Outre les Identitaires, le gros de la fachosphère, représentant des mouvements minoritaires, soutient ce mouvement. Pour s’informer, il faut lire le Boulevard Voltaire de Robert Ménard, Les Nouvelles de France ou Novopress.
Selon une enquête du Monde, l’expression « Printemps Français » a d’abord été utilisée après la manifestation du 13 janvier. Les premières occurrences se retrouvent dans des blogs de militants chrétiens, notamment celui d’un « militant chrétien de la “Manif’ pour tous”, Cyril Brun, historien catholique et animateur d’un groupe baptisé Résistance éthique.

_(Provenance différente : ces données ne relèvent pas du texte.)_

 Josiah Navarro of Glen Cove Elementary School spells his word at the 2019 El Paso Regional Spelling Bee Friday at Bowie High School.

Dans un texte datant de début février, paru dans le mensuel catholique Présent et repris sur Le Salon beige, blog catholique tendance ultra, l’avocat royaliste Jacques Trémolet de Villers, écrit :
“ Le Printemps français qu’il nous appartient de faire éclore aux premiers jours du printemps de cette année ne demande pas une volonté politique à la disposition très élaborée. Il ne s’agit ni de changer de président, ni encore moins de changer de régime. […]
Il s’agit d’obtenir, par un effet de masse, le retrait d’un funeste projet de loi, et si le projet est voté, la non-promulgation de cette loi, et si elle et promulguée, son retrait ou sa suspension, ou sa non-application, en bref, non au mariage pour les paires homosexuelles. ”

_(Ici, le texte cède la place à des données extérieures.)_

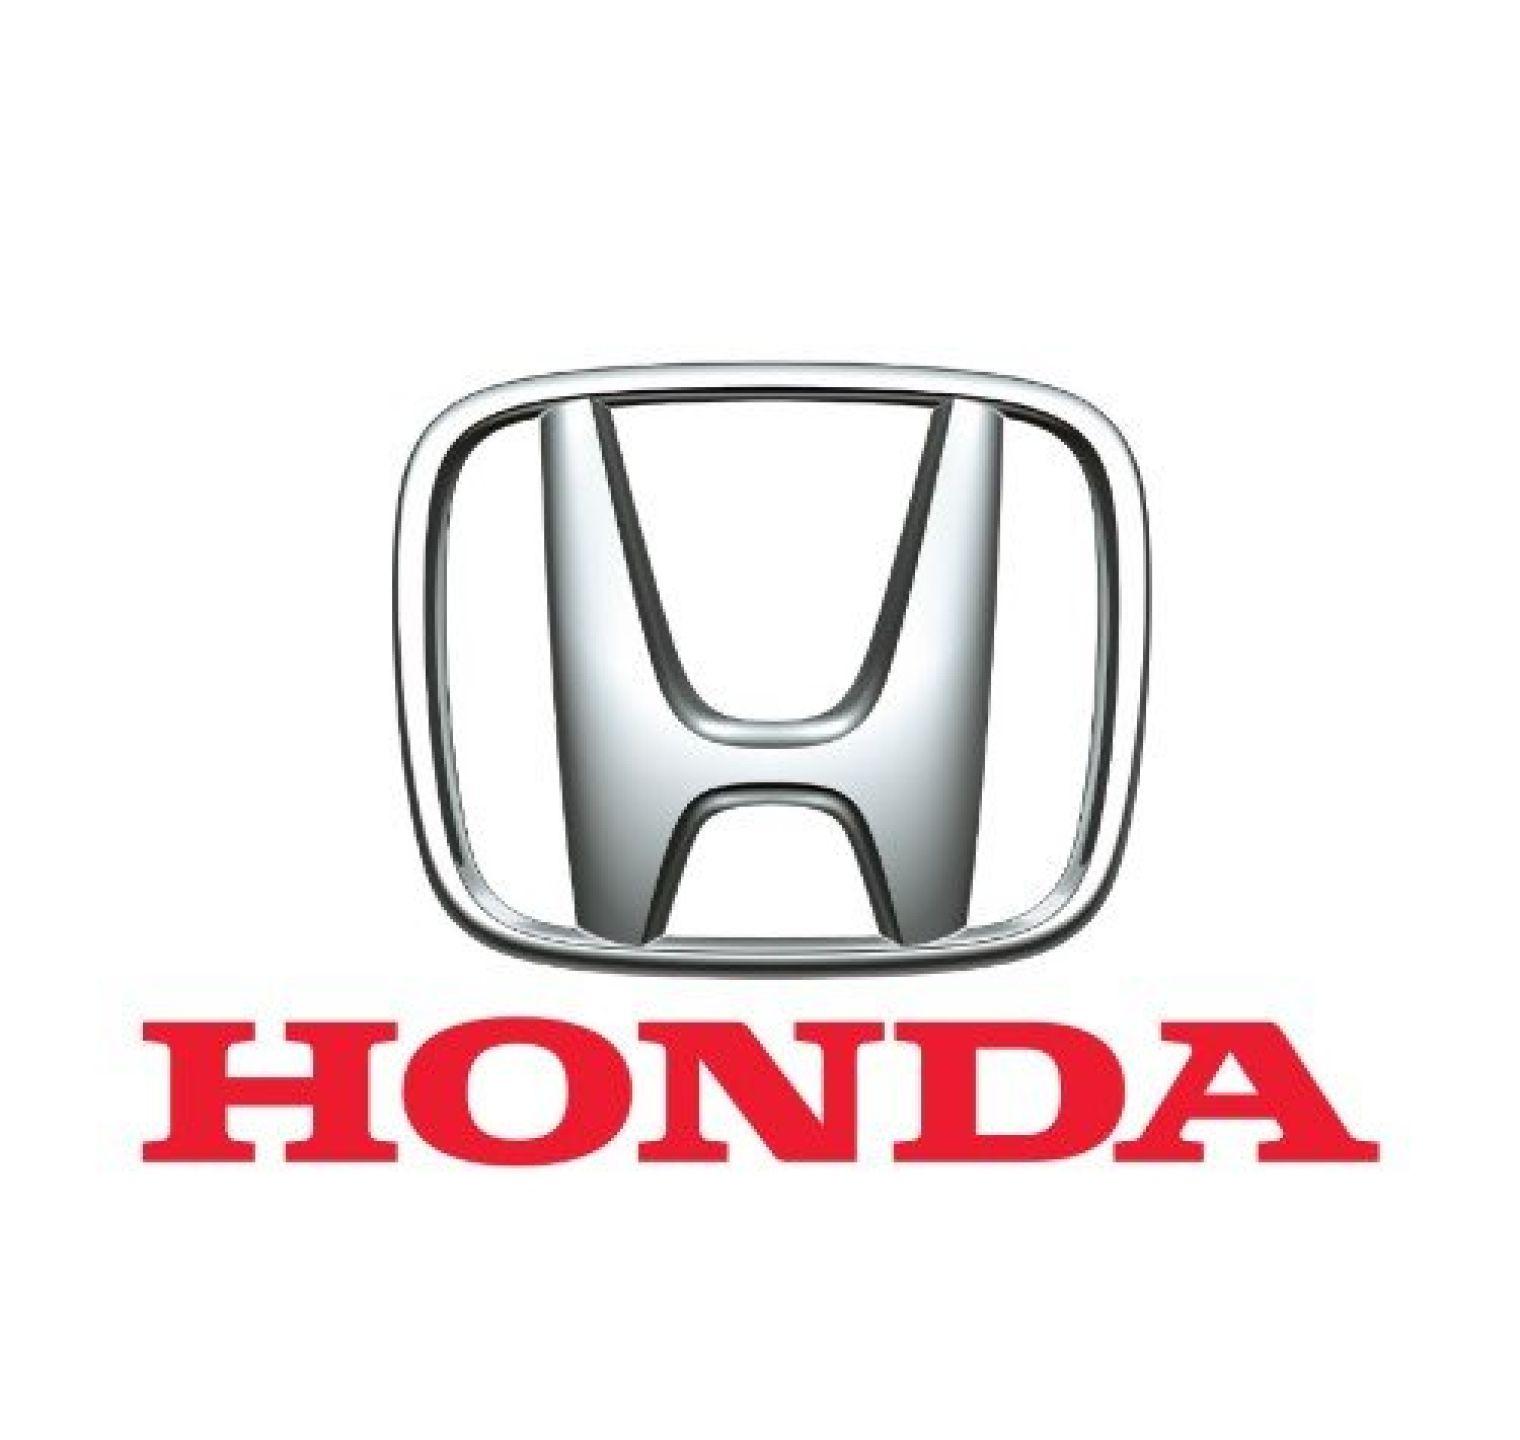 Honda Civic VI Hatchback (1995 t/m 2001) - achterruitenwisser Valeo Standard

Ichtus et la patte d’un ex-para
Là où ça devient complexe, c’est que derrière ces groupes affichés se cachent des influences discrètes. Deux ont été identifiées : l’institut Ichtus et un ancien parachutiste de 52 ans, reconverti dans l’intelligence économique :
- le blog Droites extrêmes soupçonne, derrière le Printemps français, l’influence de l’institut Ichtus, “un institut catholique traditionaliste, héritier de la Cité catholique, un mouvement d’extrême droite, contre-révolutionnaire, qui connut une certaine influence dans les années 50 et 60”. Lequel institut dément mais reconnaît suivre “avec intérêt” l’évolution du Printemps français ;
- Mediapart de son côté identifie Philippe Darantière comme l’un des marionnettistes du mouvement. Selon le site qui s’appuie sur un de ses textes publiés sur Nouvelles de France, il aurait “impulsé les débordements de la manifestation du 24 mars, visant à envahir les Champs-Elysées. Les affrontements avec les forces de l’ordre n’avaient, semble-t-il, rien de spontané”.
Mais si cette agrégation de petits groupes très bruyants donne l’impression que l’on assiste à la naissance d’un mouvement important, il faut garder à l’esprit que ceux qui passent à l’acte ne représentent qu’une poignée d’individus. Pour l’instant.